What is spinal muscular atrophy?
Spinal muscular atrophy (SMA) is a genetic condition which damages the motor neurons in an area of the spinal cord called the anterior horn causing muscle weakness and a progressive loss of function and mobility. SMA can develop before birth or throughout childhood to adult life.
Motor neurons are nerve cells which connect the brain and spinal cord to the body’s muscles. Electrical signals travel along the motor neurons and to the muscles, controlling when muscles should relax and contract. Damage to these motor neurons means that the link between the brain and muscles gradually break down and people with spinal muscular atrophy have difficulty with activities such as crawling, walking, sitting up, and moving the head.
Spinal muscular atrophy (SMA) affects a person’s physical abilities, such as moving, walking, and breathing. Physiotherapy treatment will help improve range of movement and posture and improve your child's quality of life.
Types of spinal muscular atrophy
SMA is classified into different types, based on the age at which the condition develops, and the severity of symptoms. Types 0, I, II, and III develop in childhood, and type IV occurs during adulthood.
The different types of SMA include:
- Type 0 - develops before birth, causing reduced movement of the foetus. This is usually first noticed between weeks 30 and 36 of pregnancy and is a severe form of SMA.
- Type I - also known as Werdnig-Hoffmann disease usually occurs before the age of six months. Symptoms of type I SMA, include difficulties with moving, eating, swallowing, and breathing because the proximal muscles (those closest to the centre of the body, such as the shoulders, hips, and back) are weak.
- Type II – also known as Dubowitz disease, is not as severe as types 0 and I, but it still causes weakness in the proximal muscles. Type II SMA usually develops when an infant is between 6-18 months of age.

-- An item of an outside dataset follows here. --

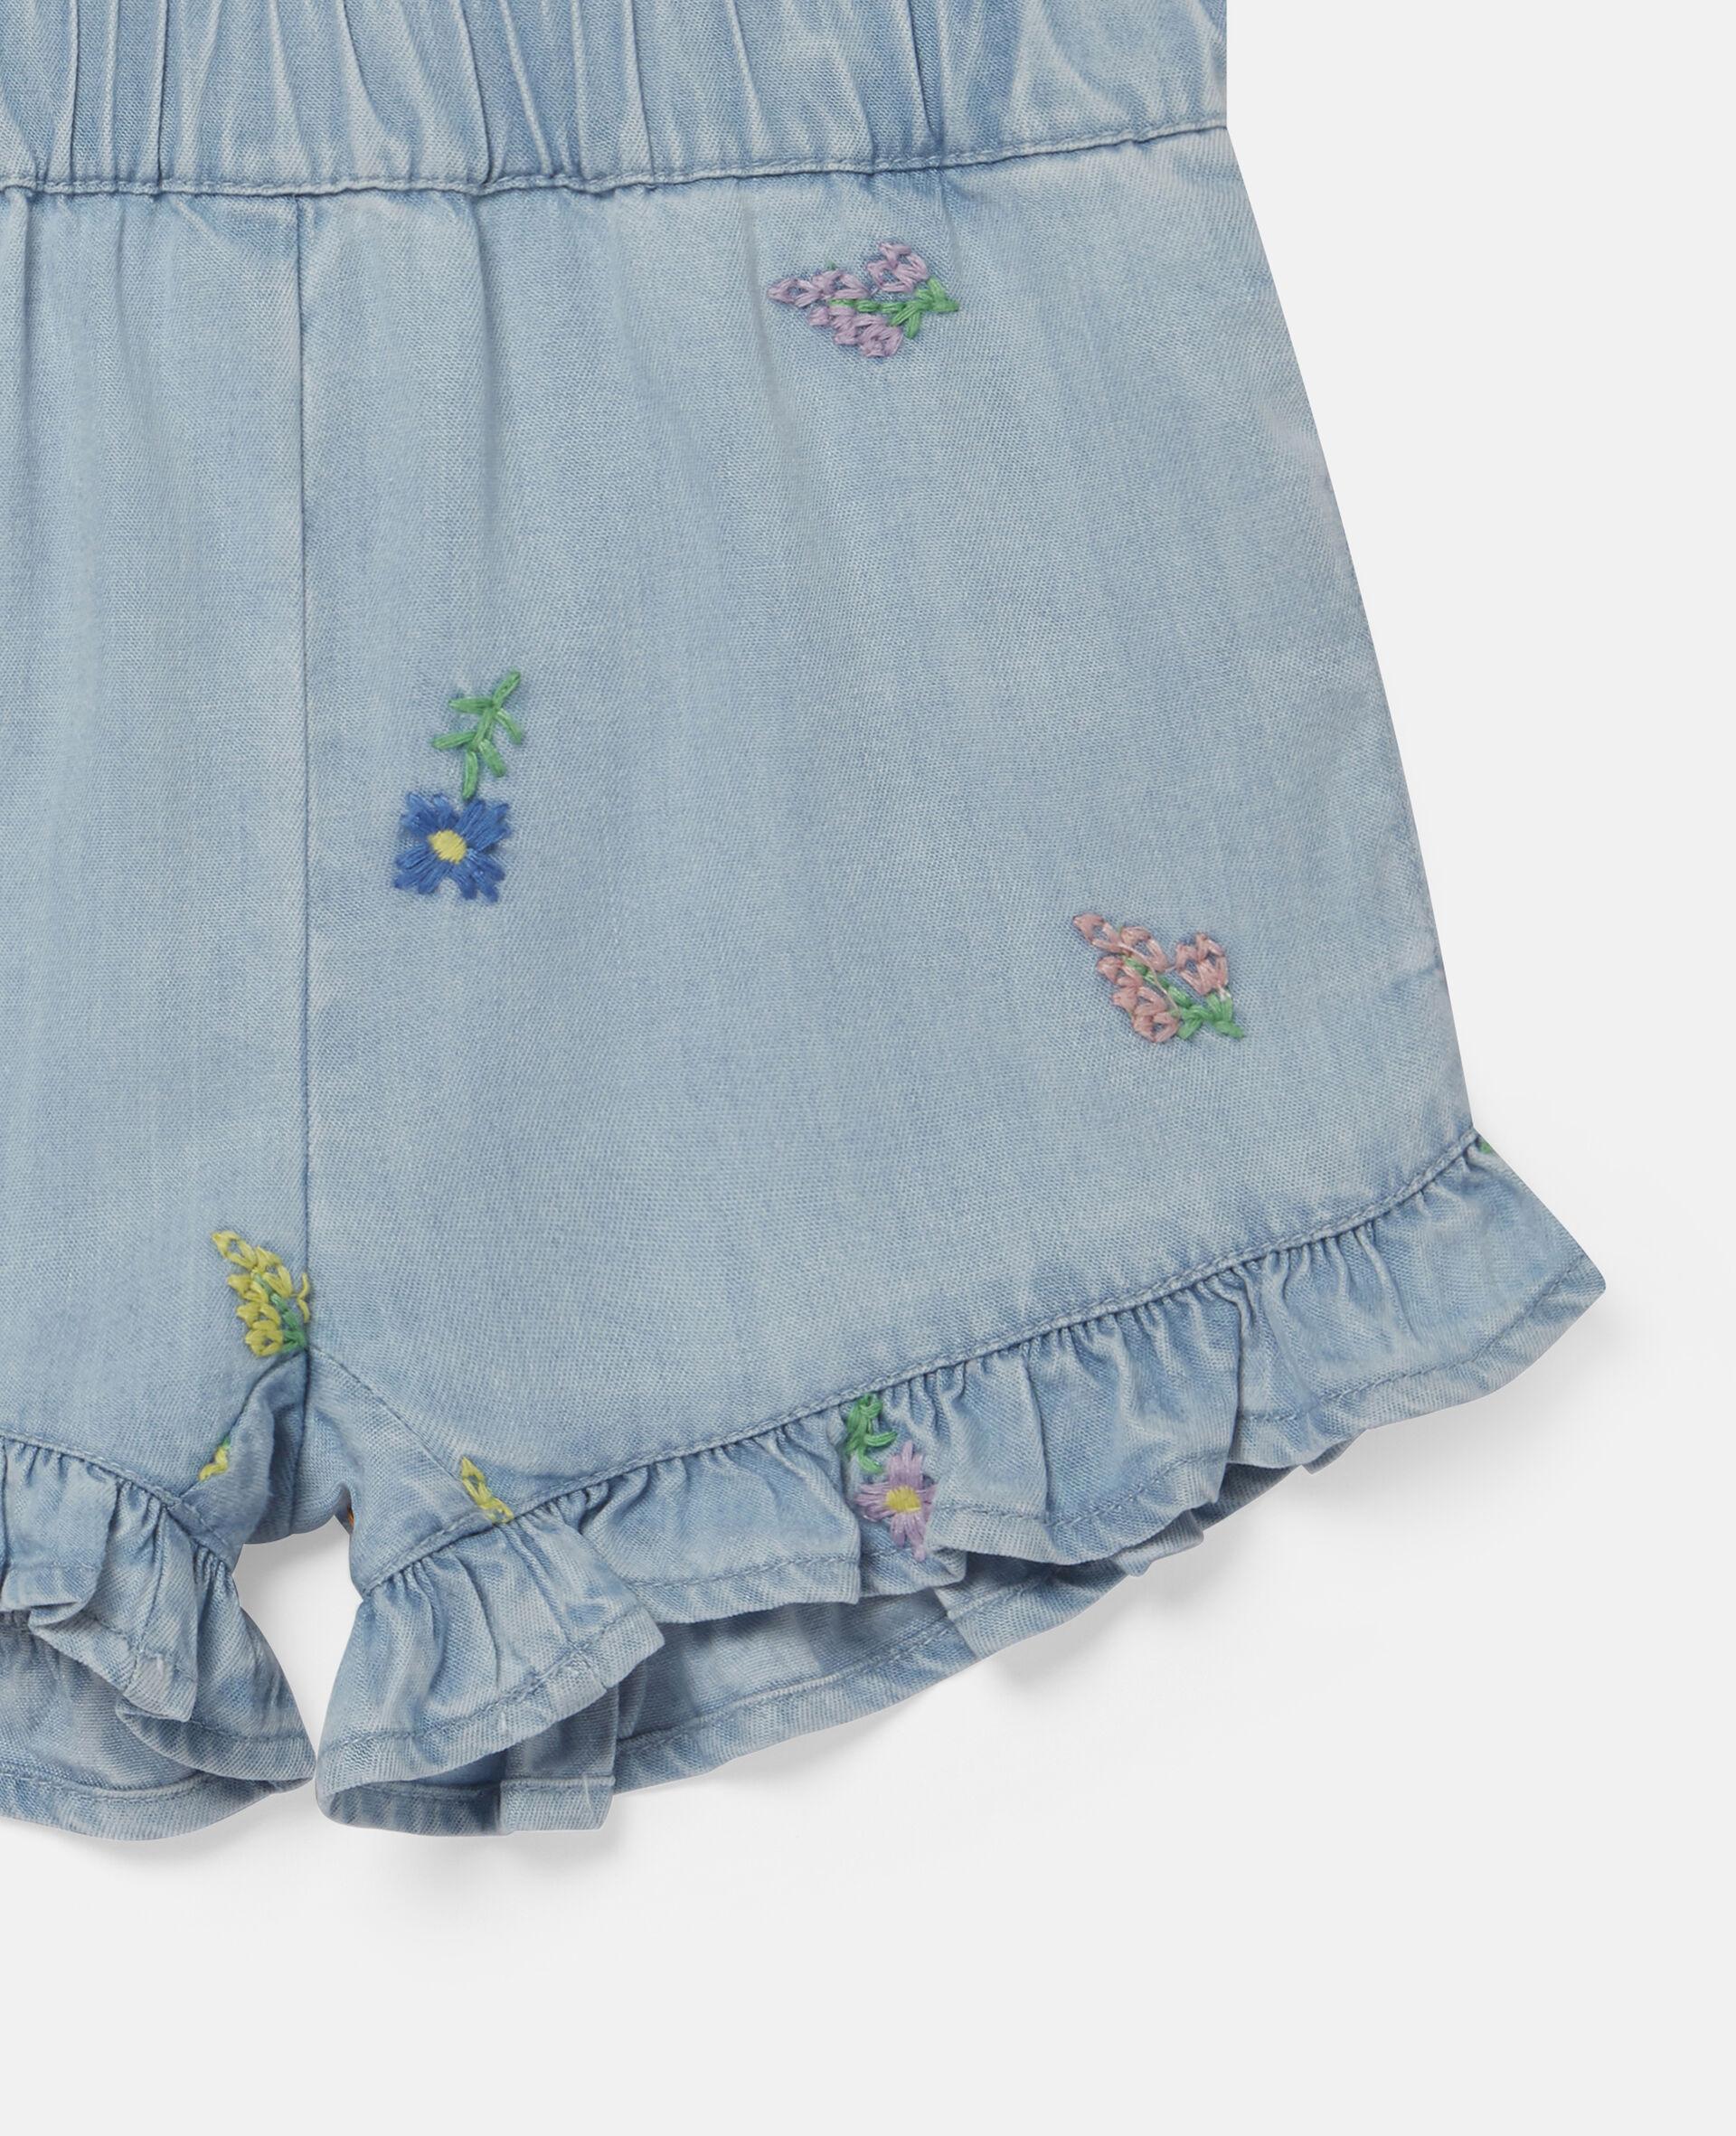 Embroidered Flowers Denim Shorts-Blue-large image number 2

- Type III – also known as Kugelberg-Welander disease, usually occurs later than Type I and Type II SMA after the age of 2 years. Type III SMA is the mildest form of childhood spinal muscular atrophy.
- Type IV - begins in adulthood, with the onset of symptoms usually occurring after the age of 35 and the symptoms are milder.

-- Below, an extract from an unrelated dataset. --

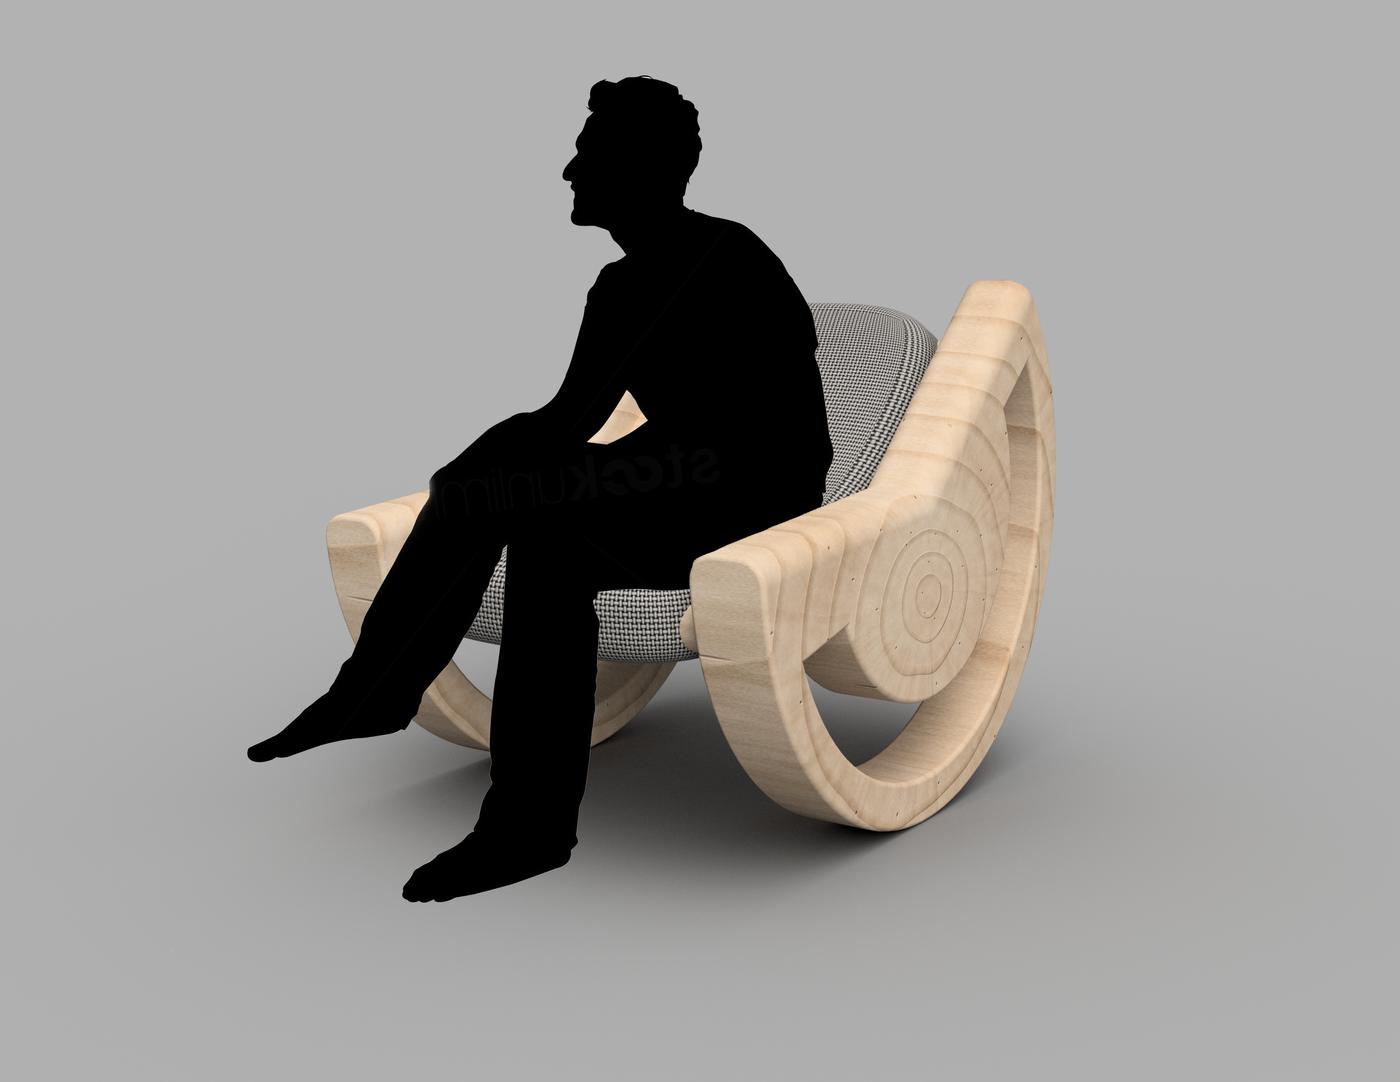 Astonishing Circular Wedge Rocker Chair By Jordan Linton At Coroflot Com Customarchery Wood Chair Design Ideas Customarcherynet

- Kennedy's syndrome - is another type of adult SMA affecting men between 20-40 years of age. This is caused by a defect on the X chromosome.

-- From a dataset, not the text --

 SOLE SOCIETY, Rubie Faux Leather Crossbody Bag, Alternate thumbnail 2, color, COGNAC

What causes spinal muscular atrophy?
SMA is a genetic disease caused by a defective gene. SMA is an autosomal recessive condition which means that for a child to develop types 0, I, II and III both parents must be carriers. In this case a child has 1 in 4 chance of developing the condition.
In adults, type IV spinal muscular atrophy can develop either as an autosomal recessive condition, or as an autosomal dominant condition. Autosomal dominant means SMA, can develop if only one parent passes on a defective gene to their child. Occasionally, adult SMA can develop as a result of a mutation (an alteration to the structure of the DNA) in the defective gene.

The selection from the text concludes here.